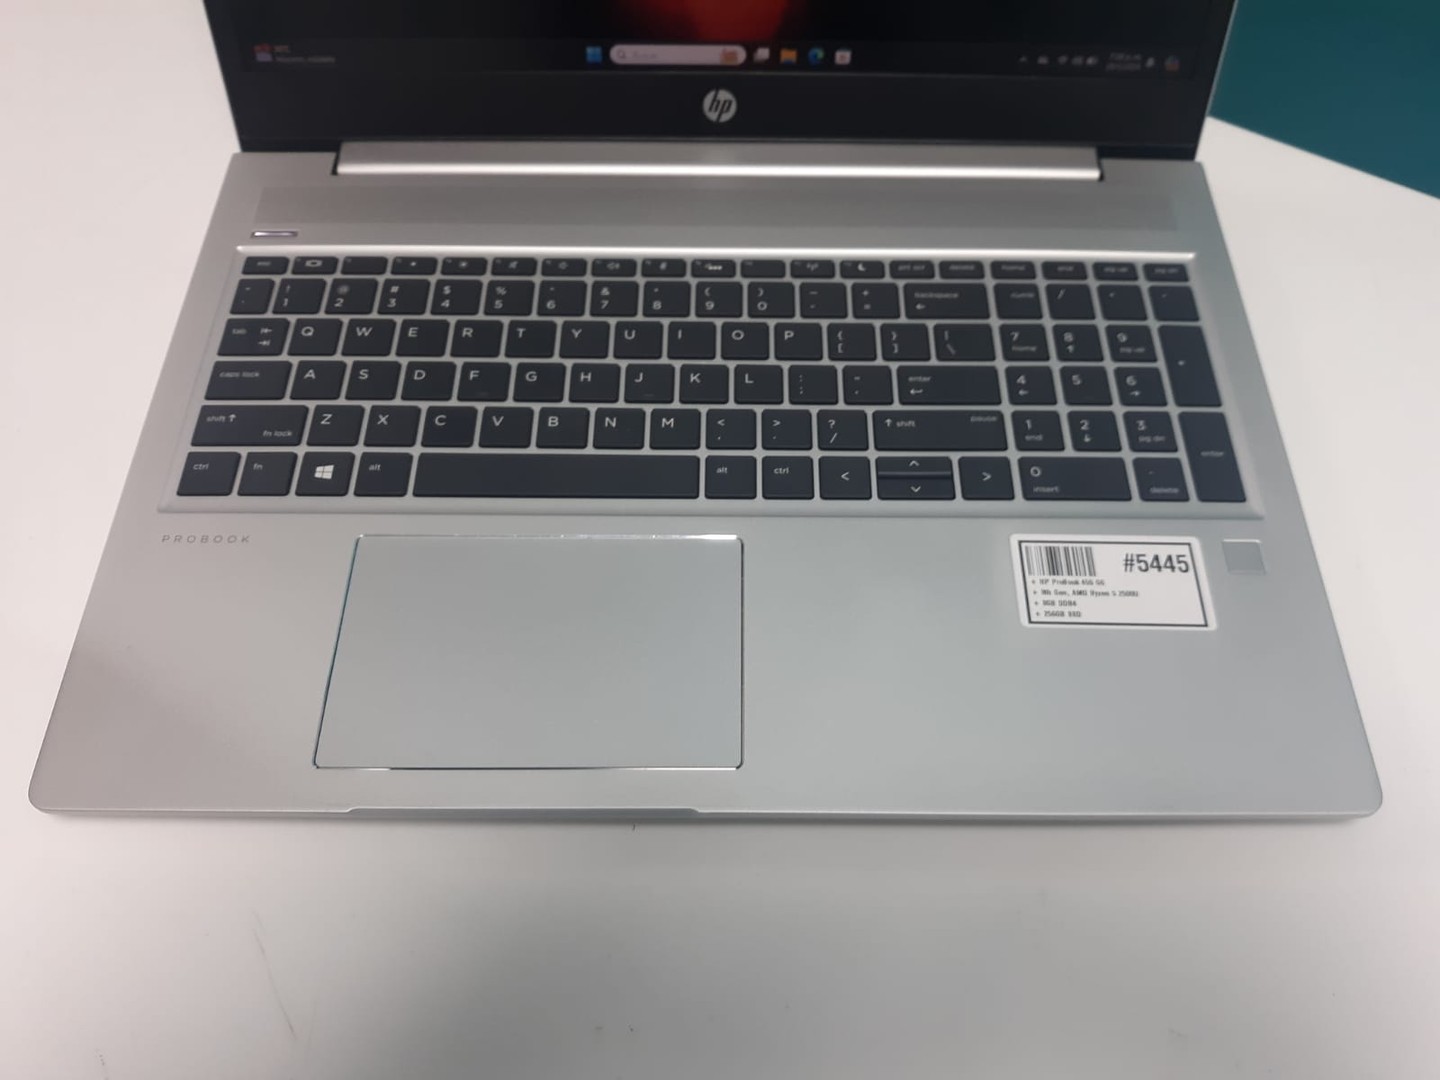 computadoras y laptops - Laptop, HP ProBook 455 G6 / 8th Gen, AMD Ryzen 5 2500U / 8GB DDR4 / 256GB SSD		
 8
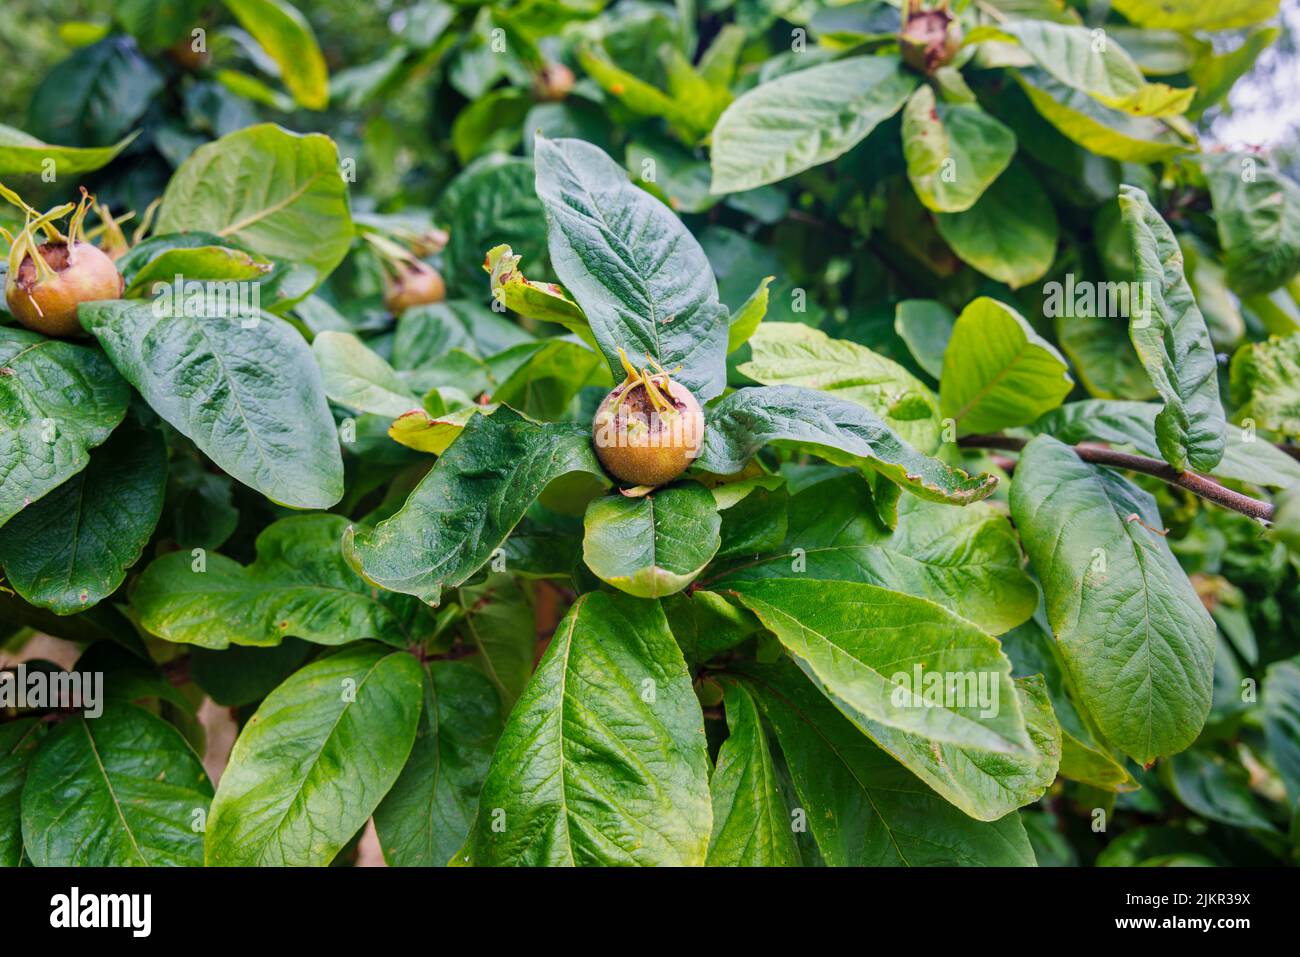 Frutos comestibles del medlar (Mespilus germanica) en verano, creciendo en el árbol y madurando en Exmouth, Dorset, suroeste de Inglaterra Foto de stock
========================================
-- What to do --
Repeat the data word for word, minus any pictures.

-- Reply to the task --
 computadoras y laptops - Laptop, HP ProBook 455 G6 / 8th Gen, AMD Ryzen 5 2500U / 8GB DDR4 / 256GB SSD		
 8
 Frutos comestibles del medlar (Mespilus germanica) en verano, creciendo en el árbol y madurando en Exmouth, Dorset, suroeste de Inglaterra Foto de stock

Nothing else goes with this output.